▶ EXERCISE:
Pictures stay out of the copy. Retype exactly the lines below from the one with "Copenhagen Shoes Women" through the one with "Nike 10k Dri-fit".

▶ RAW DATA:

--- START ---

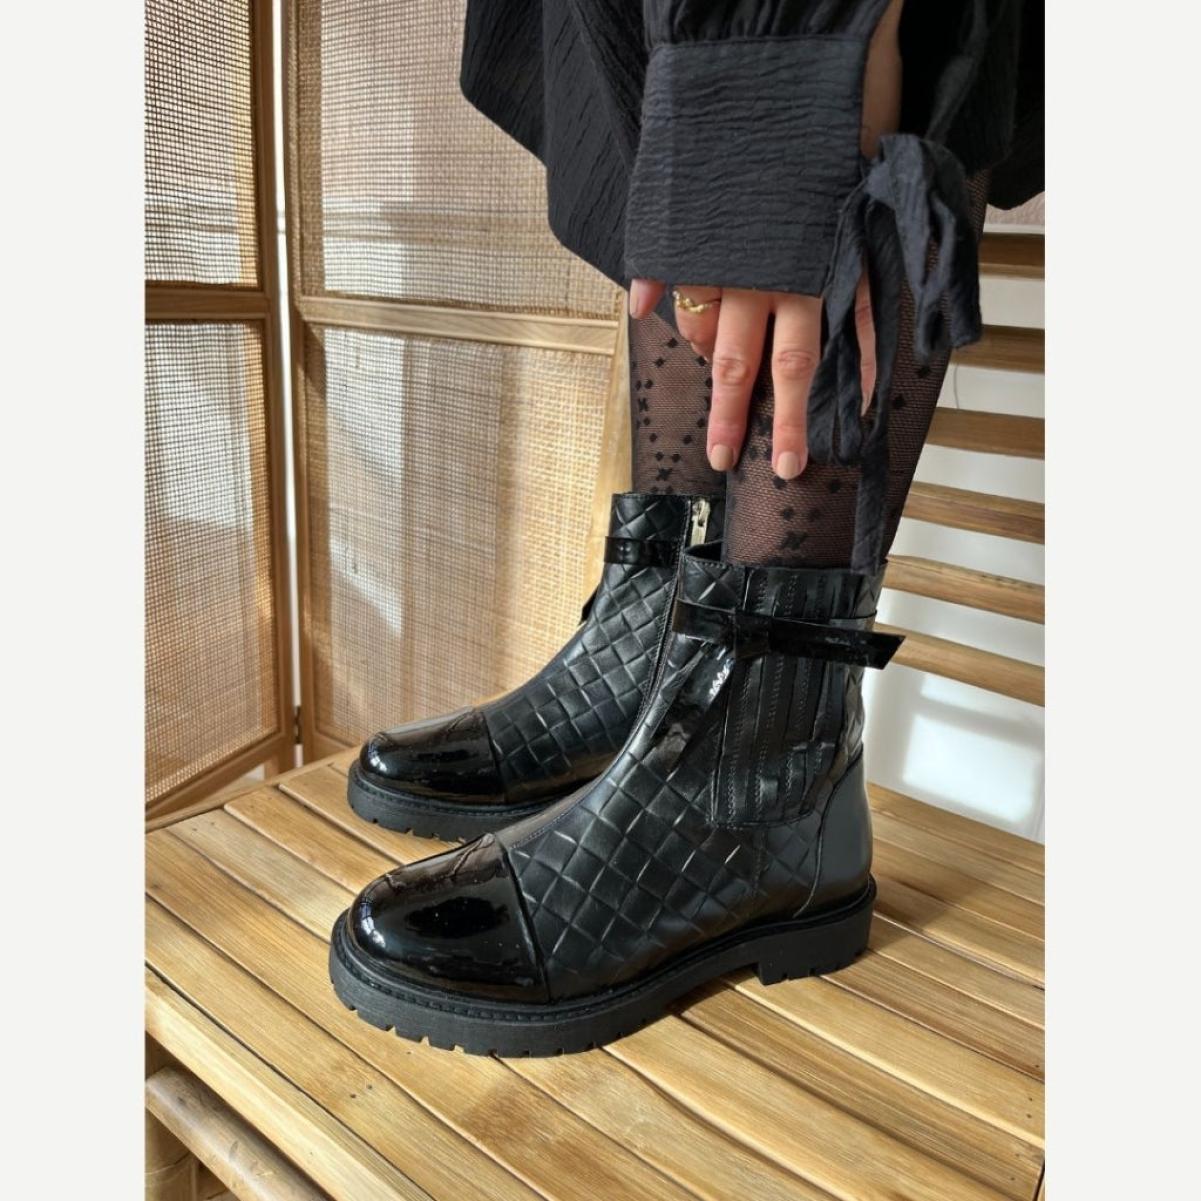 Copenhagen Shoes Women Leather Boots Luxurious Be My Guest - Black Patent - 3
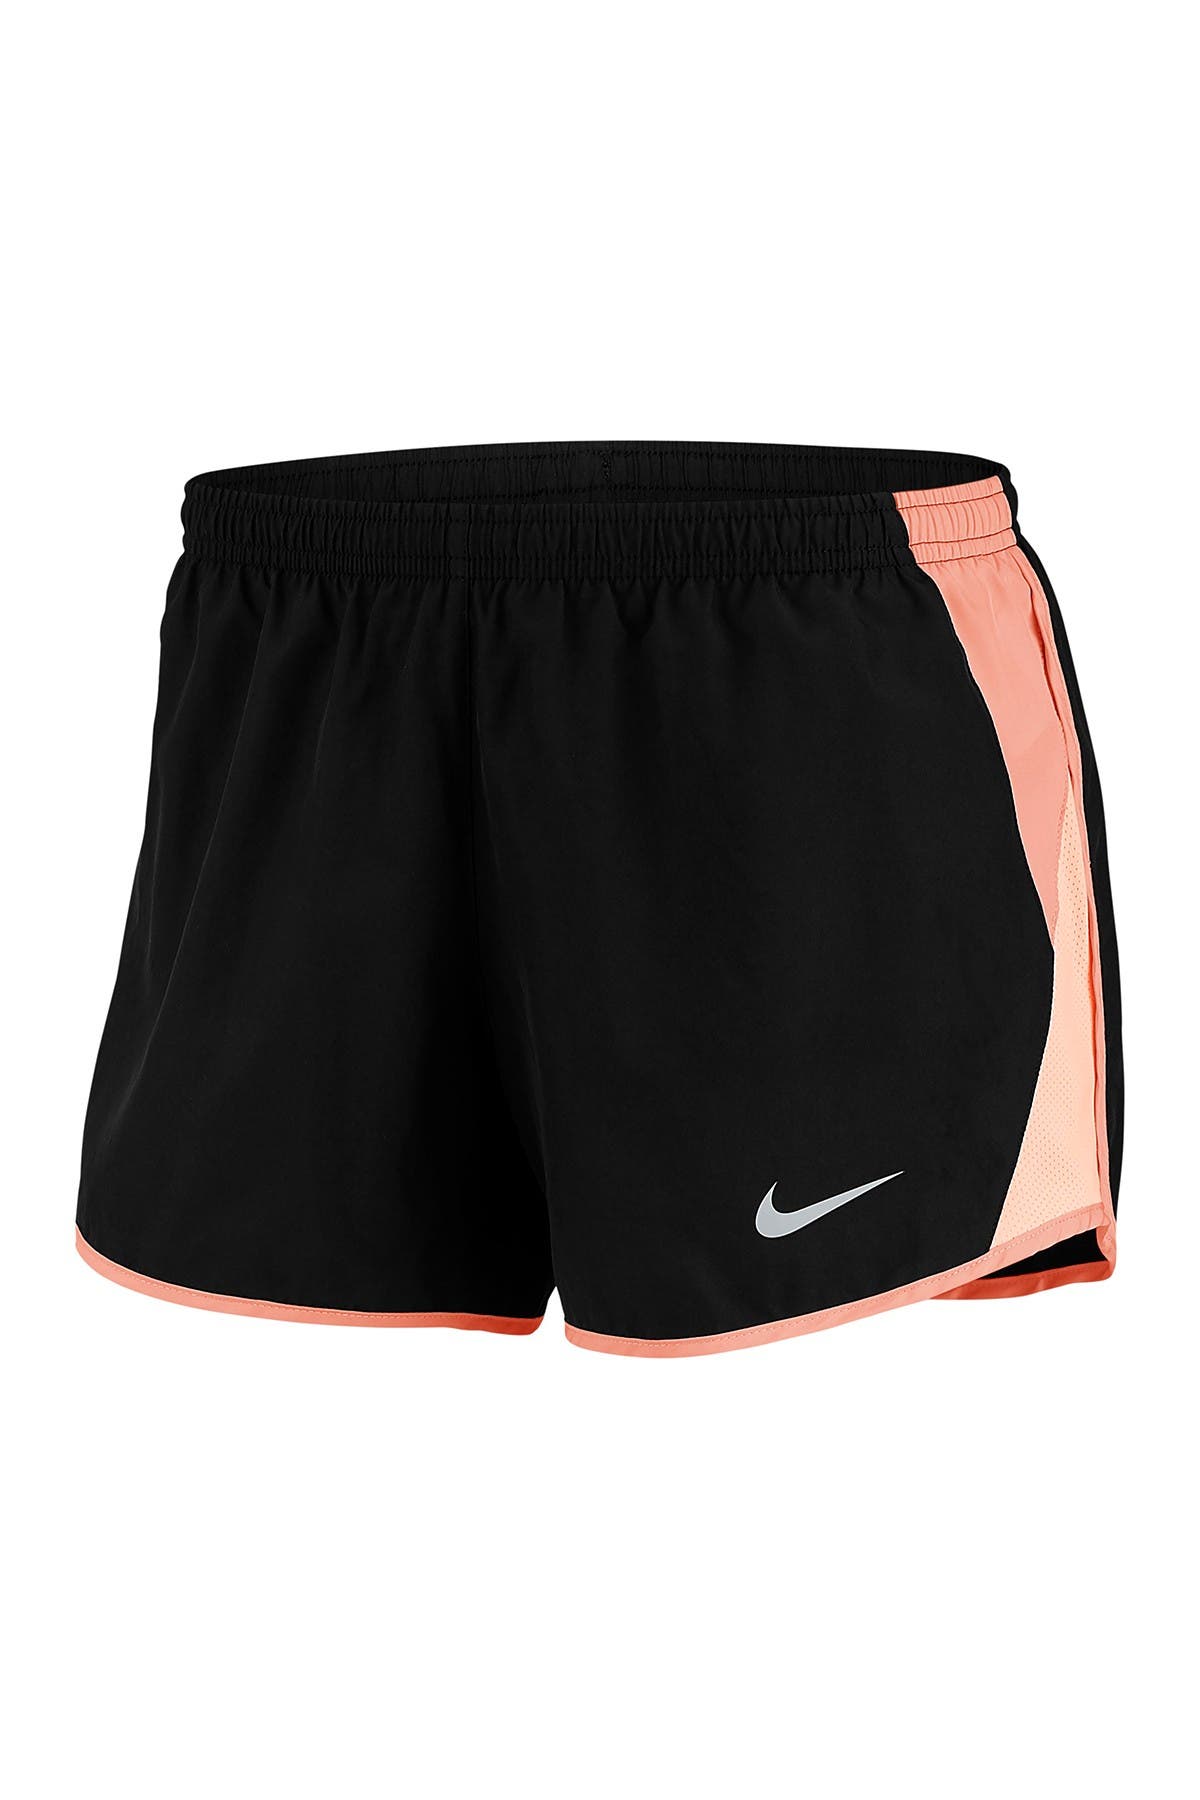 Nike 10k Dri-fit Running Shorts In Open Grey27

--- END ---
--- START ---

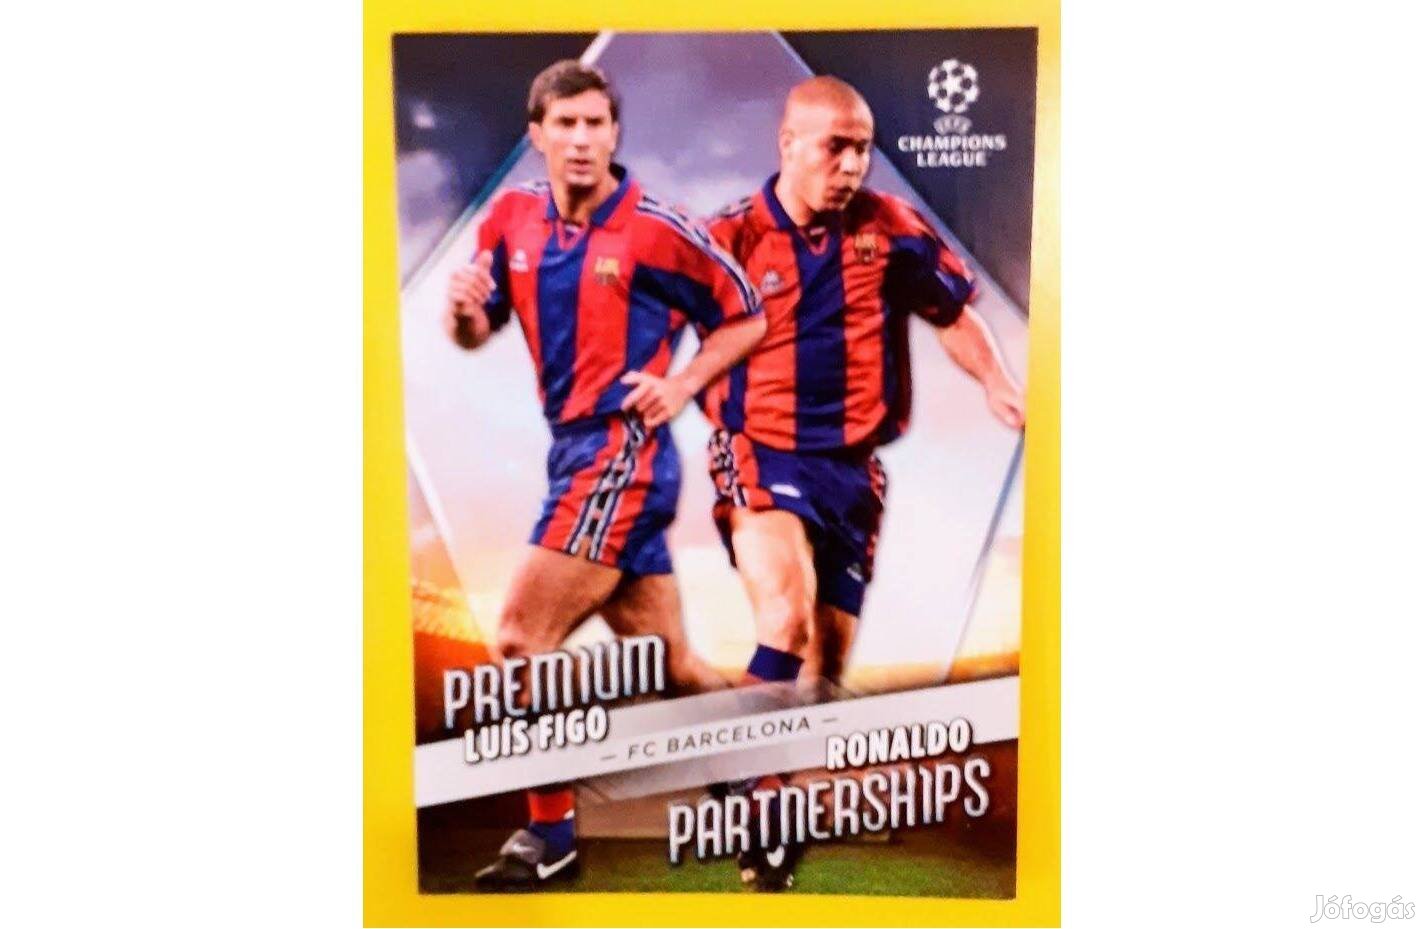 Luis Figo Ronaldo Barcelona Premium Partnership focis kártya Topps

--- END ---
--- START ---

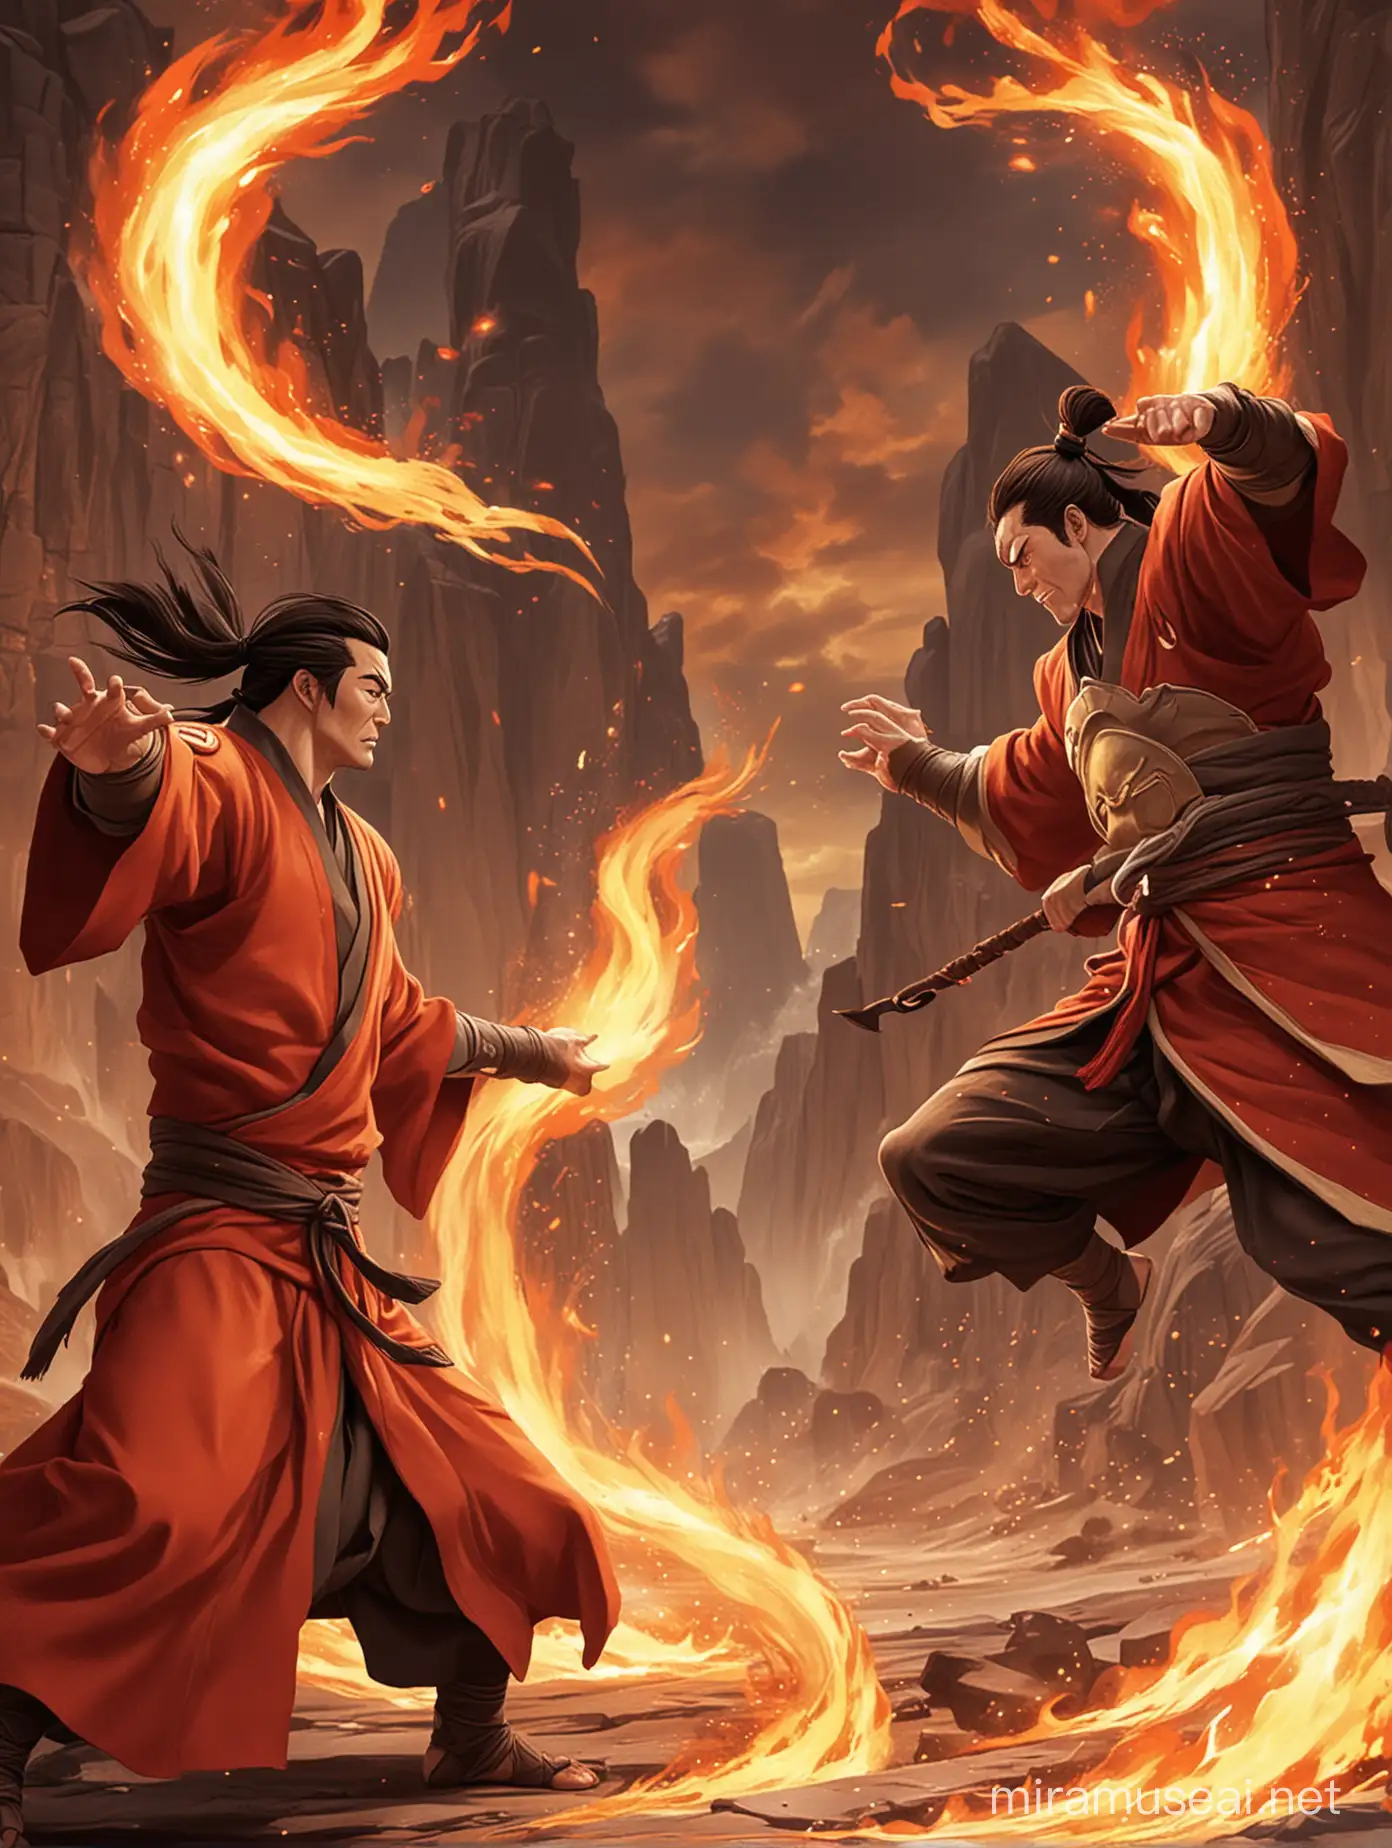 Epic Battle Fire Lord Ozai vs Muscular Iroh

--- END ---

▶ ANSWER AREA:
 Copenhagen Shoes Women Leather Boots Luxurious Be My Guest - Black Patent - 3
 Nike 10k Dri-fit Running Shorts In Open Grey27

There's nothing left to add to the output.